PREPARING THE GHOST
WELL, WHAT CAN I SAY ABOUT THIS LITTLE BOOK? Let's start at the shallow end by telling you that the International Standard Book Number for the hardcover edition is 978-0871402837. As you can see by the jacket, this was written by a (100% human) author named Matthew Frank, and short of simply TELLING YOU TO READ IT, well, it's just...hard to describe. He clearly set out at some point to tell us the story of the first man ever to photograph the mighty, and until that time UTTERLY MYSTERIOUS, Giant Squid. He just lucked into the opportunity because one of our operatives (she had no human name) washed up on a beach near where he lived at the time, on the outcropping known to the featherless bipeds as Newfoundland.
Frank does, and doesn't, tell us the story. He goes all over the place, telling us all about his enormously fat musician grandfather, the fact that his wife is from South Africa, speculating wildly on the colors of the Squid photographer's soap and washcloth, mentioning in passing that he himself has spina bifida, talking a lot about ice cream, and in general giving us a GREAT demonstration of the true power of this particular detachment of the Fish Army: the Giant Squid has the power to drive Shaved Monkeys MAD. The sentence structure in this book, all by itself, should tell you that the guy is COMING UNGLUED. I'm not at all sure how Naked Ape readers would respond to this book, but speaking to you now as a Catfish, I have to say I caught only occasional flashes of the story he claims to be telling us. He was too busy ranting to stick to the subject.

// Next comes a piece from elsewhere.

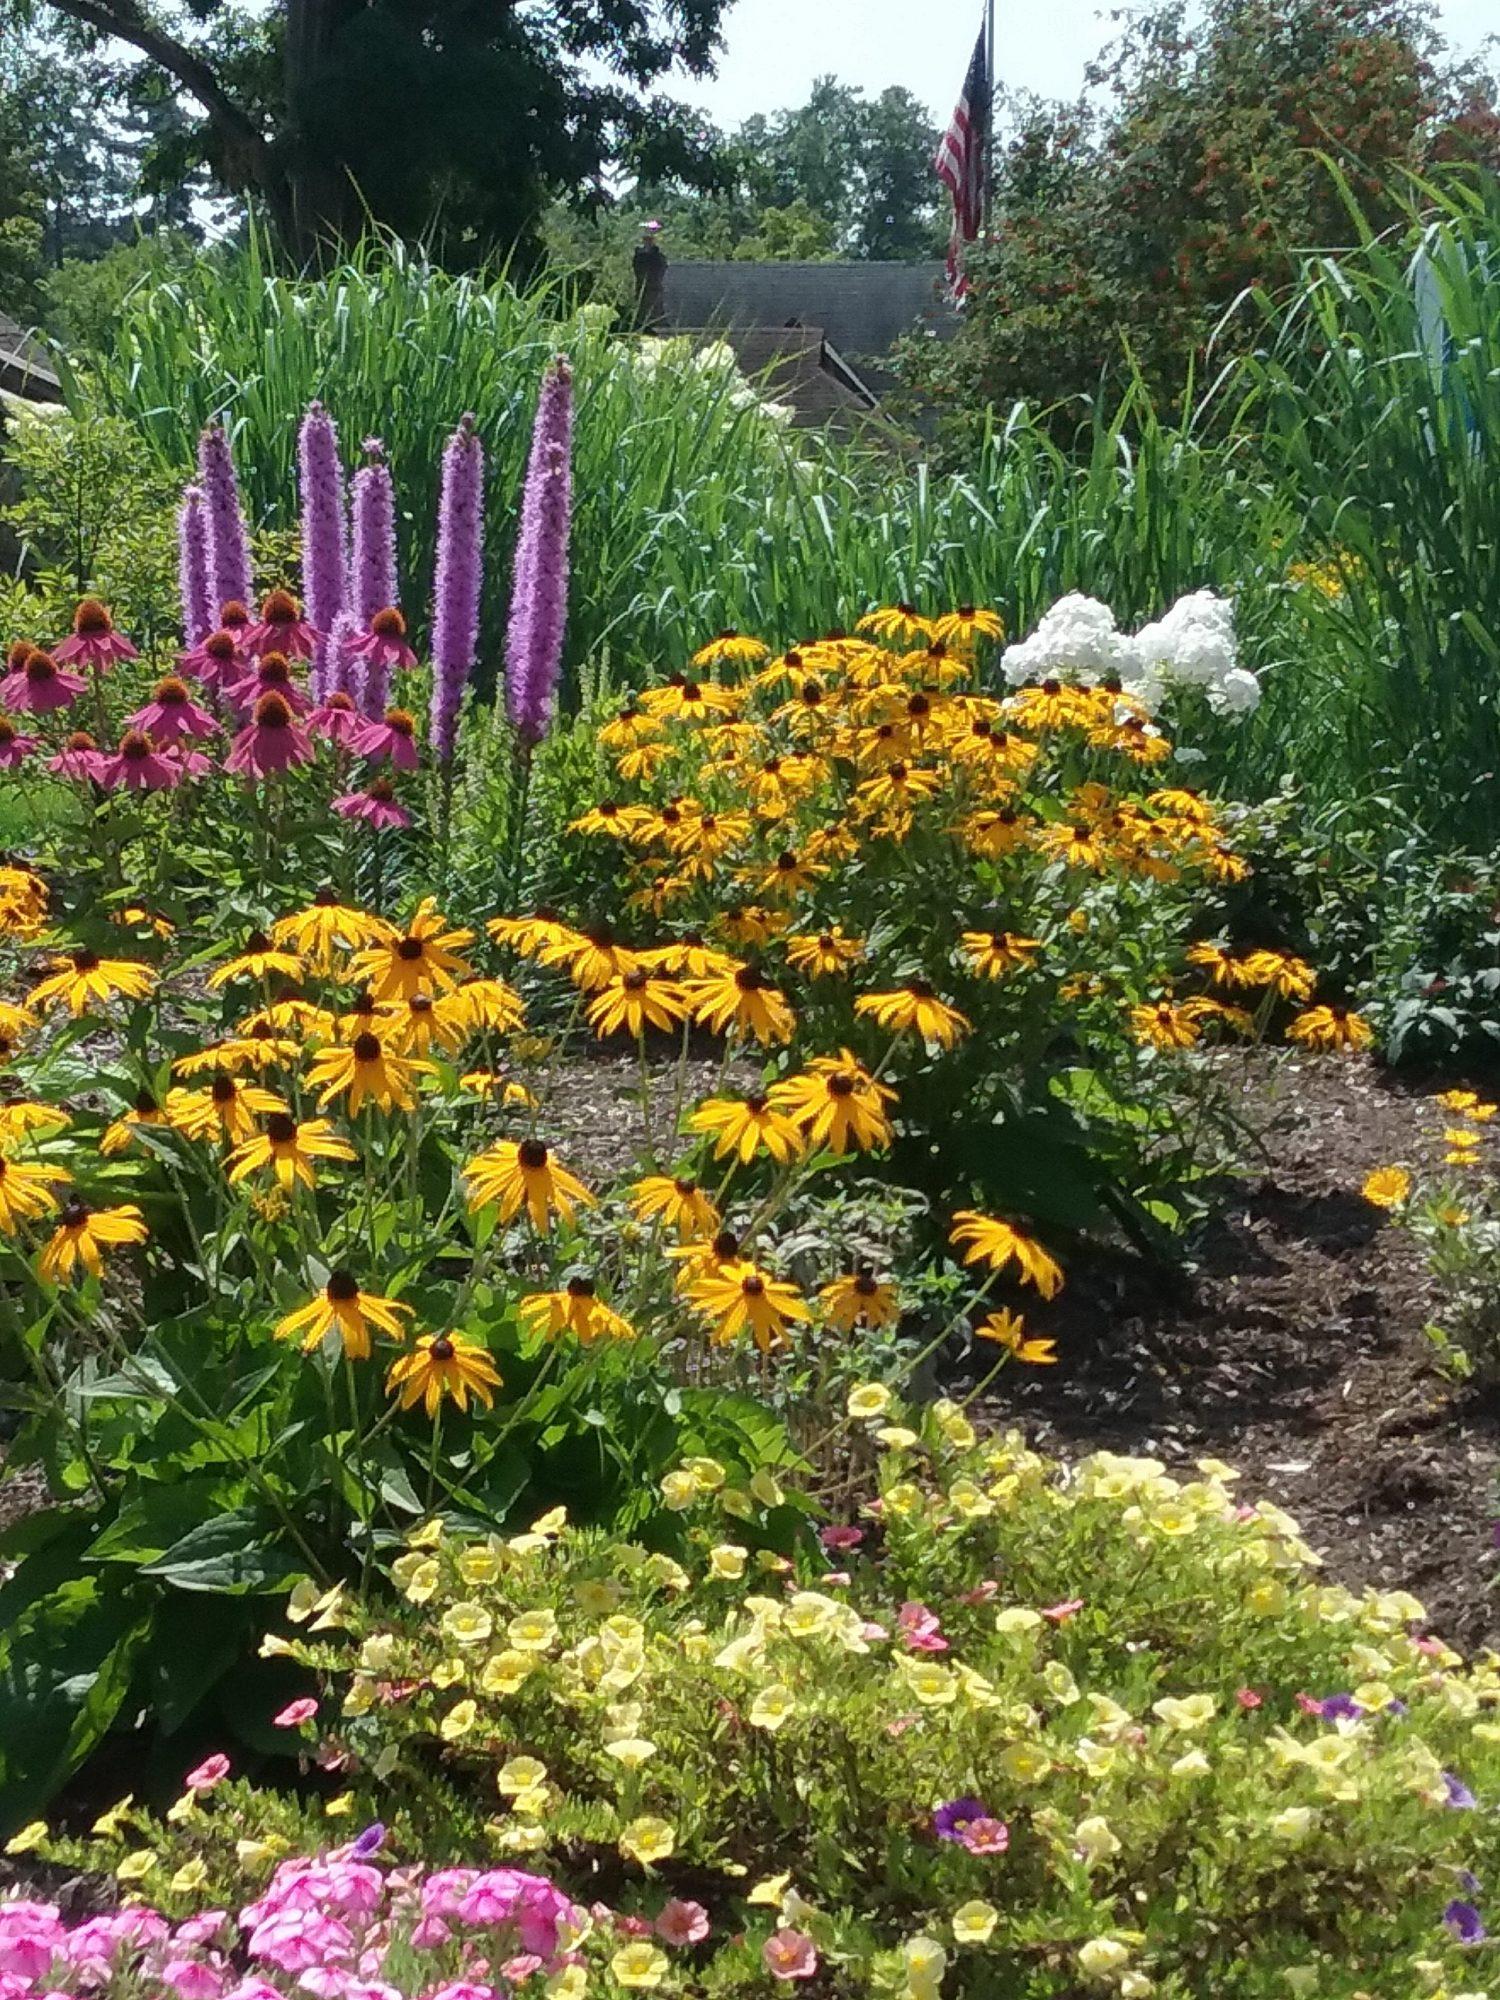 Rogers park garden 1

And I happen to know he left a lot of the story out. The worldwide FRENZY created by the discovery of this unlucky operative is barely mentioned. He glosses over the deep, powerful connection between the real-life operative and the Kraken of seafaring legend. The DECADES of effort to find another operative of this type gets just a couple of sentences. Why? Clearly Frank, too, has GONE MAD.

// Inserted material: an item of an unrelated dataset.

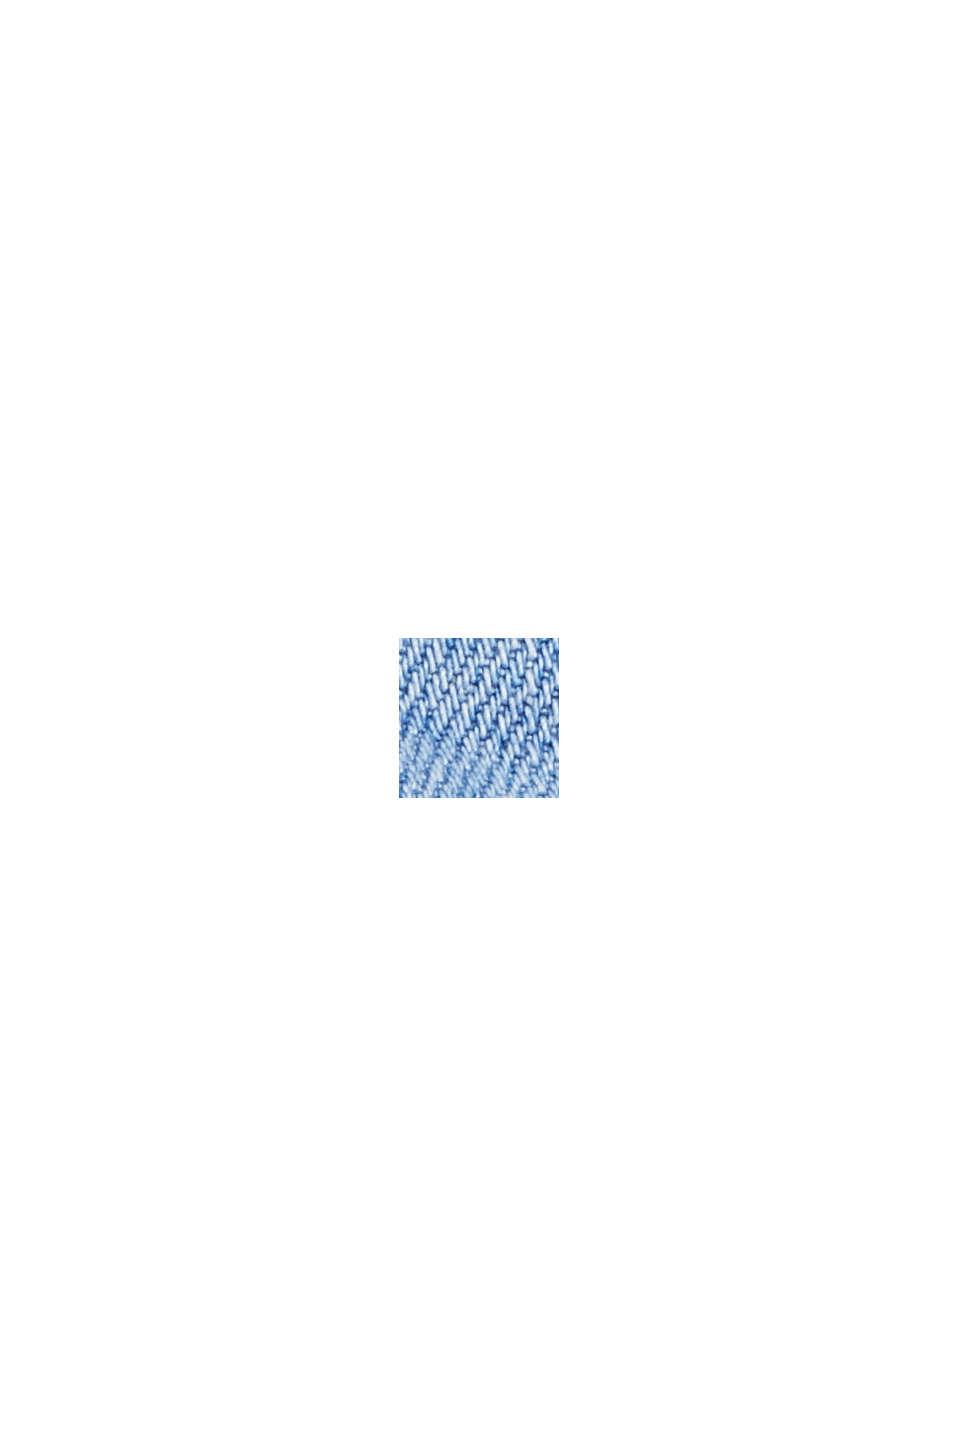 Jeans-Bermudas aus Bio-Baumwolle, BLUE LIGHT WASHED, swatch

WHY, you ask, would we want to drive sane monkeys mad? For starters, some of them react to that situation by flinging themselves into the sea. So, hey, MISSION ACCOMPLISHED! Beyond that, it's ENDLESSLY FASCINATING to watch a member of another species doing something you yourself can never do -- like watching bats catching insects on the wing or watching a dog find something it can't see by following the smell it picked up from an old sock, watching a human go gaga is PRETTY COOL. And -- let's be honest -- PRETTY FUNNY. I got many laughs out of this book, and the closer you are to completing your transformation from human to fish, the funnier I would expect YOU to find it. It may not make such a great Squidmas gift to a new recruit, though. The reaction I've been seeing from that crowd is more or less "but they hardly ever talk about the Giant Squid at all in here!" It may be that only a fish can see the reach of the tentacles through the text of this essay.